Kinky sex has made its way into mainstream culture in places other than poorly-written-erotica-gone-NYT-bestsellers-list. Music videos like Rihanna’s S&M, Christina Aguilera’s Not Myself Tonight, for instance. Our kids are seeing it, hearing it, and some of them are even reading it.

My kids are young, so Rihanna videos and E. L. James’ fiction are not yet on their agenda. But there will come a time when talking to my munchkins about bondage and domination becomes relevant. I anticipate that the majority of learning on the topic will not be from me; they’ll likely see videos and ads or hear things from peers that could use some context. I prefer to be the person who provides that context with overarching messages about consent, trust, and communication.

Those values are not confined to safe and enjoyable kink. When those values are front and centre in a number of contexts and conversations with our kids, we help them see the breadth of their application — the primary importance of these values in positive and healthy human relationships. That, I think, will make that kink conversation a lot easier.

As an example, I had a conversation with my kids about safe words a couple years ago.

Safe words are used in the BDSM community to ensure that, during a sexual scene, people involved can communicate their interest to stop the scene or slow it down. Words like "ow" or "stop" don't usually work as safe words because they may not always be meant to end the sexual activity; in fact, those words may be sought out during a sexual encounter. Now, I’m not going to spend time on the ins and outs of safe and consensual kinky sex, except to say that the cornerstones are, you guessed it, communication and trust. So safe words are vitally important.

No, I didn’t talk to my kids about kinky sex — that will come sometime in the future. See, my kids love and enjoy each other and wrestle and horseplay a lot.
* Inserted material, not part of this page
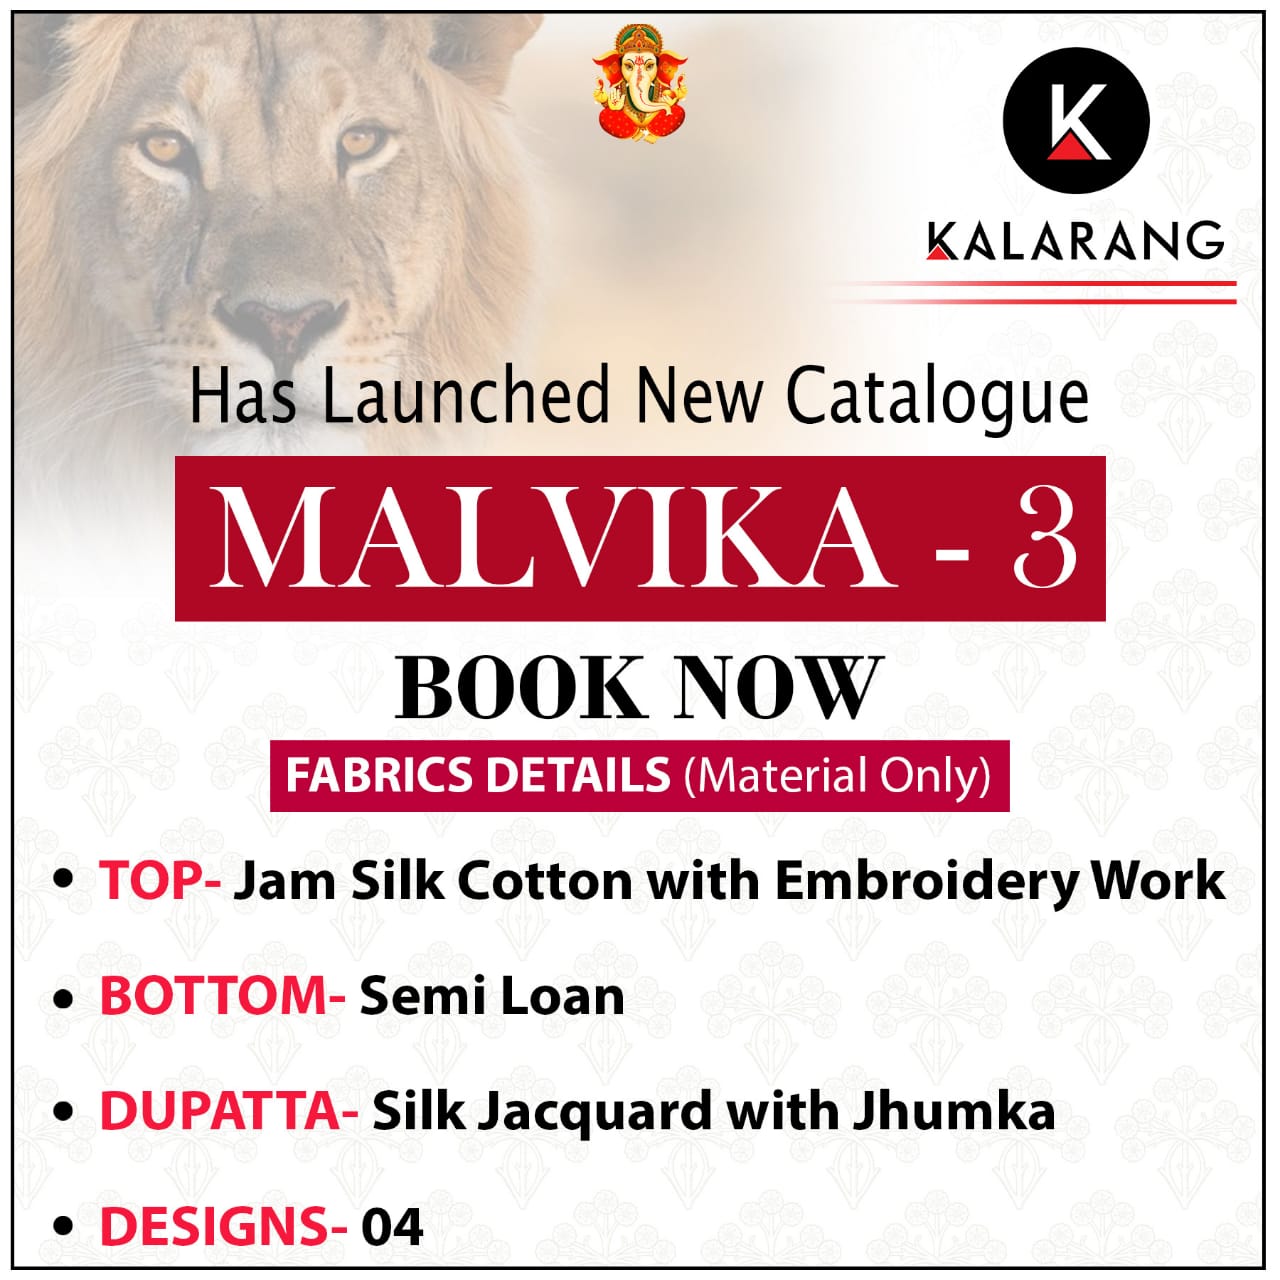 Kalarang Presents Malvika Vol-3 Jam Silk Cotton With Embroidery Work Salwar Suit Wholesaler
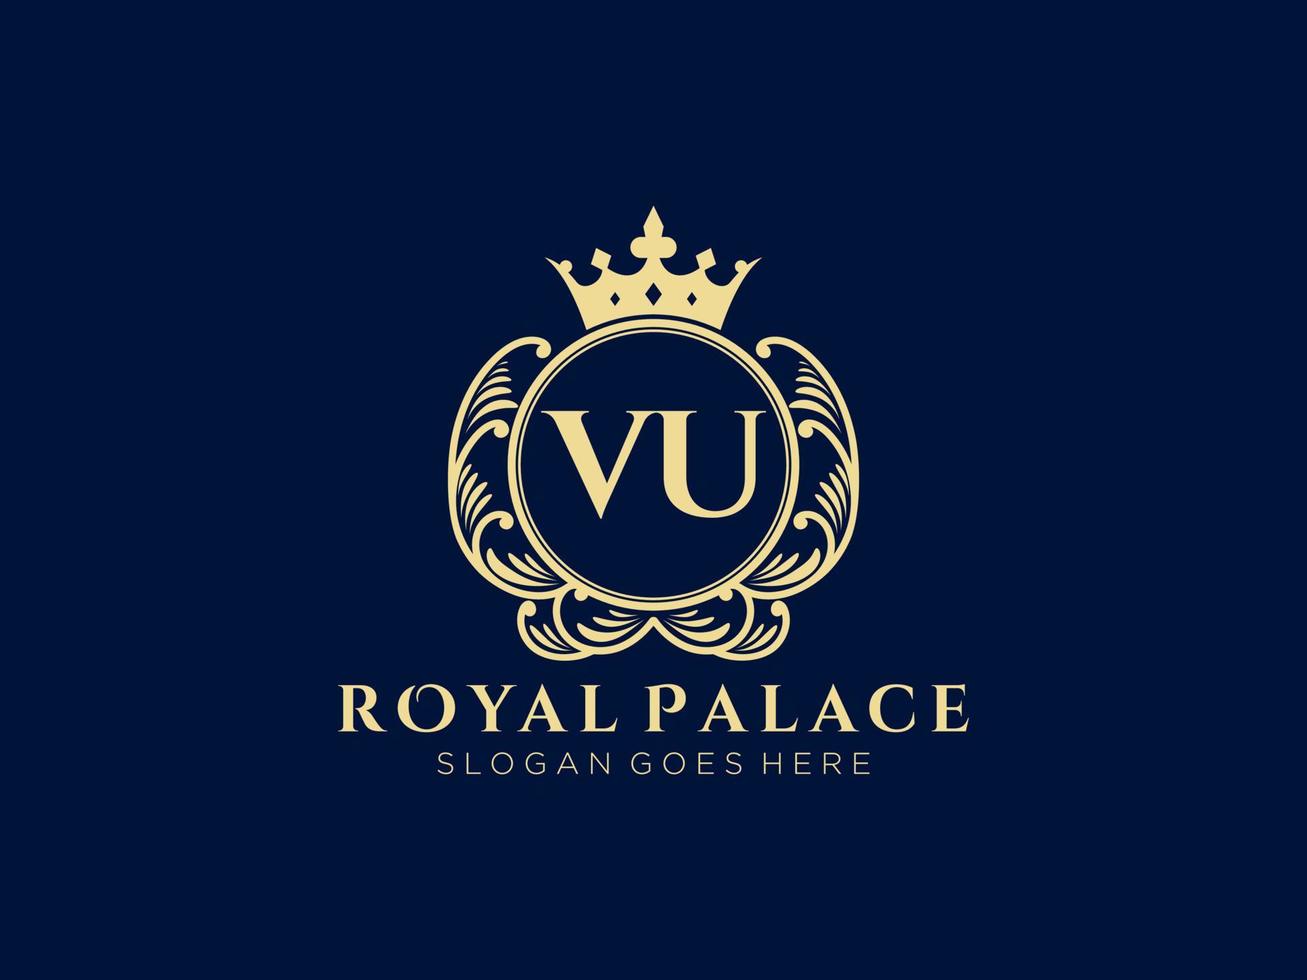 brief vu antiek Koninklijk luxe Victoriaans logo met sier- kader. vector

While overwhelmingly it’s a mutually-enjoyed activity, not infrequently it ends with one injured or aggrieved party. If either of them hear the safe word while wrestling, the wrestling stops, and a check-in happens. It often gets forgotten or the tears or wails come before someone utters "origami" (the current safe word).

Last week in the car, a vigorous round of rough housing (yes, while strapped down by seat belts and in booster seats) ended because the safe word was spoken. My older son then said it was an inappropriate use of the safe word because his brother wasn’t hurt. We talked about setting rules for when the word is to be used. I made recommendations, they made the decisions, and I reinforced the need to always respect its use. No crying wolf now.

We also talked about what ought to happen after the safe word is used, which is to find out what went down. It shouldn’t just end the activity but rather make way for a straight up conversation to find out why the activity needed to be stopped and whether there were any misunderstood needs or perspectives.

For my kids, and everyone, the value is all about developing communication skills. Whether during a physical romp of sex with a partner or a bout of wrestling with a sibling, communication is key. And that is not part of the message that Rihanna is communicating when she sings “Now the pain is my pleasure. Cause nothing could measure. Sticks and stones may break my bones but chains and whips excite me.”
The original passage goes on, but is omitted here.